# AMD Vs. Intel



## Erestor Arcamen (Feb 26, 2012)

I'm posting this here because Sauron never was in the market to buy a laptop...BUT I AM!!!! :*D And I'm having some troubles. I know what the different specs mean w/RAM and USB 2.0 3.0 etc and all that, but I'm just looking to see what folks think about the different processors available, AMD and Intel. Do you fellow techies out there have a preference? I would be buying an Apple if I could afford it but I can't so I'm going with a Dell most likely since I've been using them most of the time. So if you could help me out and give me some info on the processors you prefer and why, I'd appreciate it. I'm not looking for top of the line powerhouse or anything like that lol but I don't want to spend money on junk either. Not a huge gamer but I do some online gaming some (and I don't mean pogo lol not that pogo isn't awesome).


----------



## Bard the Bowman (Feb 27, 2012)

You should buy a Mac


----------



## Bard the Bowman (Feb 27, 2012)

Excuse me? Twice as much? Have you even checked out the prices for Macs lately? 

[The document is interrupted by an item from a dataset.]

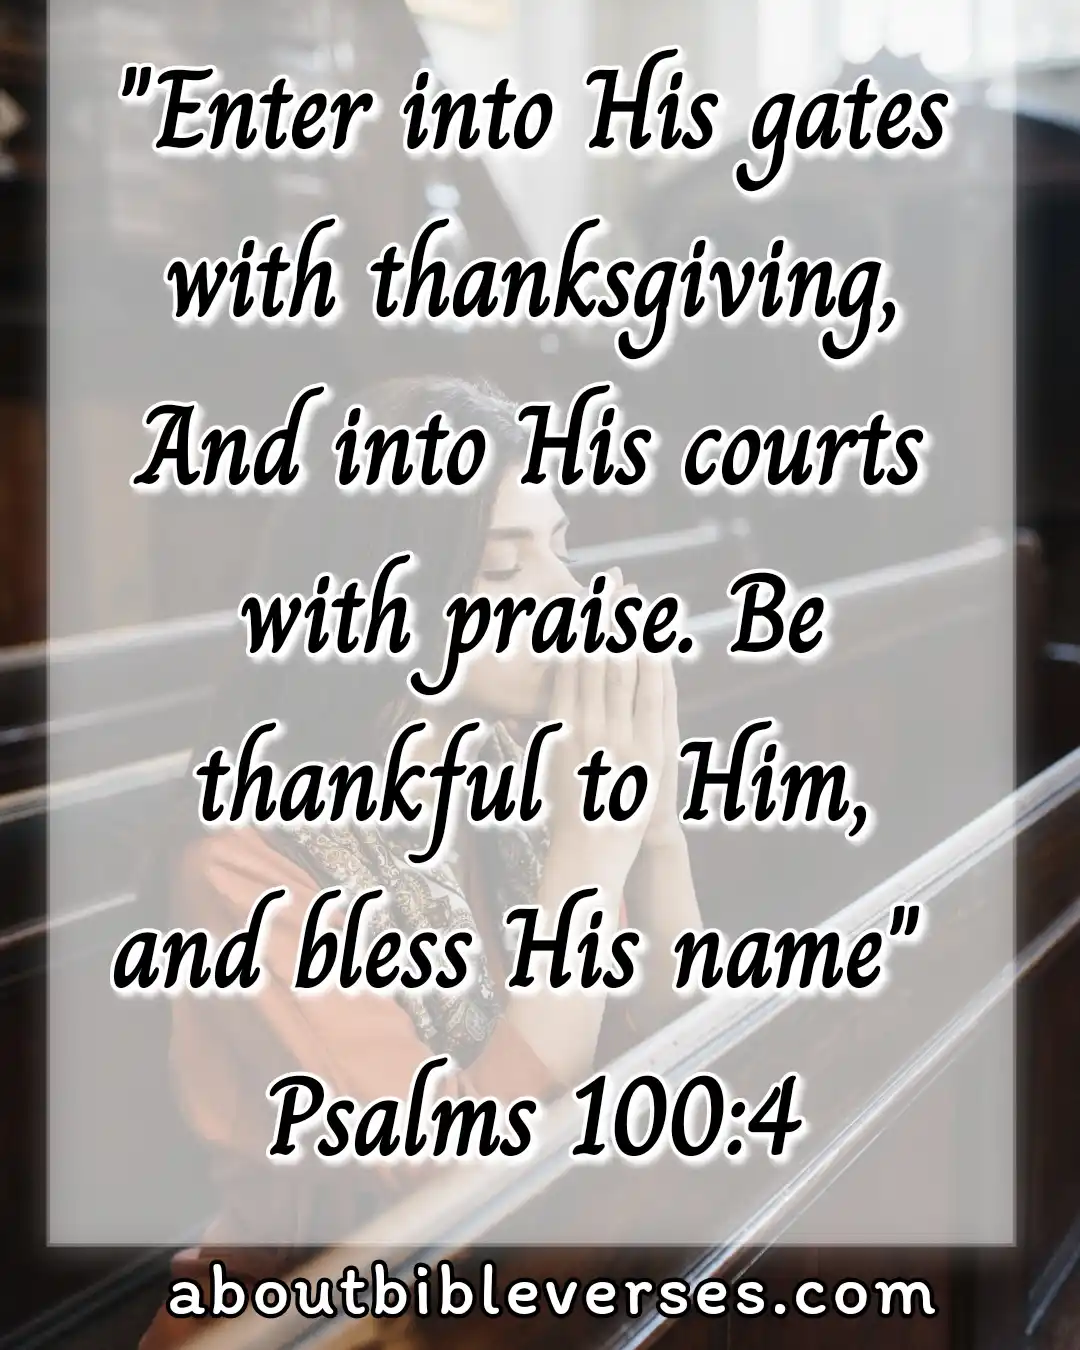 Bible Verses About Appreciating The Little Things In Life (Psalm 100:4)

Listen to me Erestor, you say you're not a huge gaming. Fine. Macs aren't the ideal gaming machine, but they handle games very nicely nonetheless. However, if you're an occasional gamer, a Macbook Air sounds like your thing. Not only will it handle your games (the specs are good enough for Battle for Middle-earth, and why would you want to play another game?), but it combines business with pleasure, a smart, sleek, beautiful look with durability, and it contains flash memory, so you don't need to worry about keeping it perfectly level or still while its on. Add that to an incredibly user friendly OS and interface, and you have the perfect casual gamer's machine. 

And Air's are affordable.


----------



## Prince of Cats (Feb 27, 2012)

Like markoffc said, we're going to need (a lot) more information. When you say you play some online games, what sort of games? Browser games or executables? Most computer games (other than browser-based) aren't going to be native to the mac, and will require emulation if playable at all.The people who say macs are great for gaming ... only game on macs :*p 

RE: AMD vs Intel ... that's more an argument for top of the line desktop CPUs. If you're buying a pre-built laptop, you're going to be looking at whatever lower to middle range chip they decided would be best for cost vs. marketing. Comparisons have to be made on a chip vs chip basis between laptops and what chip they come with.

Some of the laptops you see are going to have a good CPU but no dedicated GPU. If you want to play modern games, I would only consider laptops with dedicated graphics.

Post a couple models that you're interested in to give an idea of your price range and so we can compare the hardware.


----------



## Bard the Bowman (Feb 27, 2012)

Actually Prince of Cats I have a Mac and I play Windows games...only. How you say? Well quite simple. I run a beautiful program called Parallels, which allows me to run both Operating Systems simultaneously. This is what I was afraid of Erestor. You'll get unknowledgeable people feeding you misinformation.

Don't want to cough up 50 bucks for Parallels? No problem. Every Mac comes with Boot Camp, which will allow you to start up either Windows or Mac. All you need to do is acquire a version of Windows, install it, and presto, you have your gaming system. 

Erestor, just be careful when you run into Mac haters. Most of them have never actually owned a Mac and are either brainwashed or, well, a hard core gamer. Or they're so extremely poor they could only buy a $150 netbook and now they are bitter. Take it from me, I've owned pretty much every Mac available; Air, Macbook, Pro, iMac, you name it. I know them all, and I'll tell you the downsides as well. Let me just say this though, if 1000 dollars is beyond your price range, then forget a Mac. I will say that they are more durable than any other brand I've owned (and I've owned quite a few), and they don't become obsolete in a few years.


----------



## Erestor Arcamen (Feb 27, 2012)

I love macs but can't really afford one and the mac air is too thin, sorry. But the point of this thread isn't to argue whether macs or pc's are better, I think a lot of it is personal preference and also what you're planning on doing and if you can afford it. My budget is around $650 or lower so I'm really looking for pre-built. I do most of my gaming on my xbox 360 and playstation so I'm not worried about any upcoming PC games or anything. When I was younger I used to do Runescape and there's a few other MMORPGs that I'm into now too so that's what I mean really, so I don't need the best graphics hardware or anything like that.


----------



## Bard the Bowman (Feb 27, 2012)

It's cheaper to build your own computer.


----------



## Erestor Arcamen (Feb 29, 2012)

I forgot to mention I do some webmaster duties for the local KofC group but that shouldn't need powerhouse capabilities either, just simple HTML and stuff lol but thanks for all the suggestions.


----------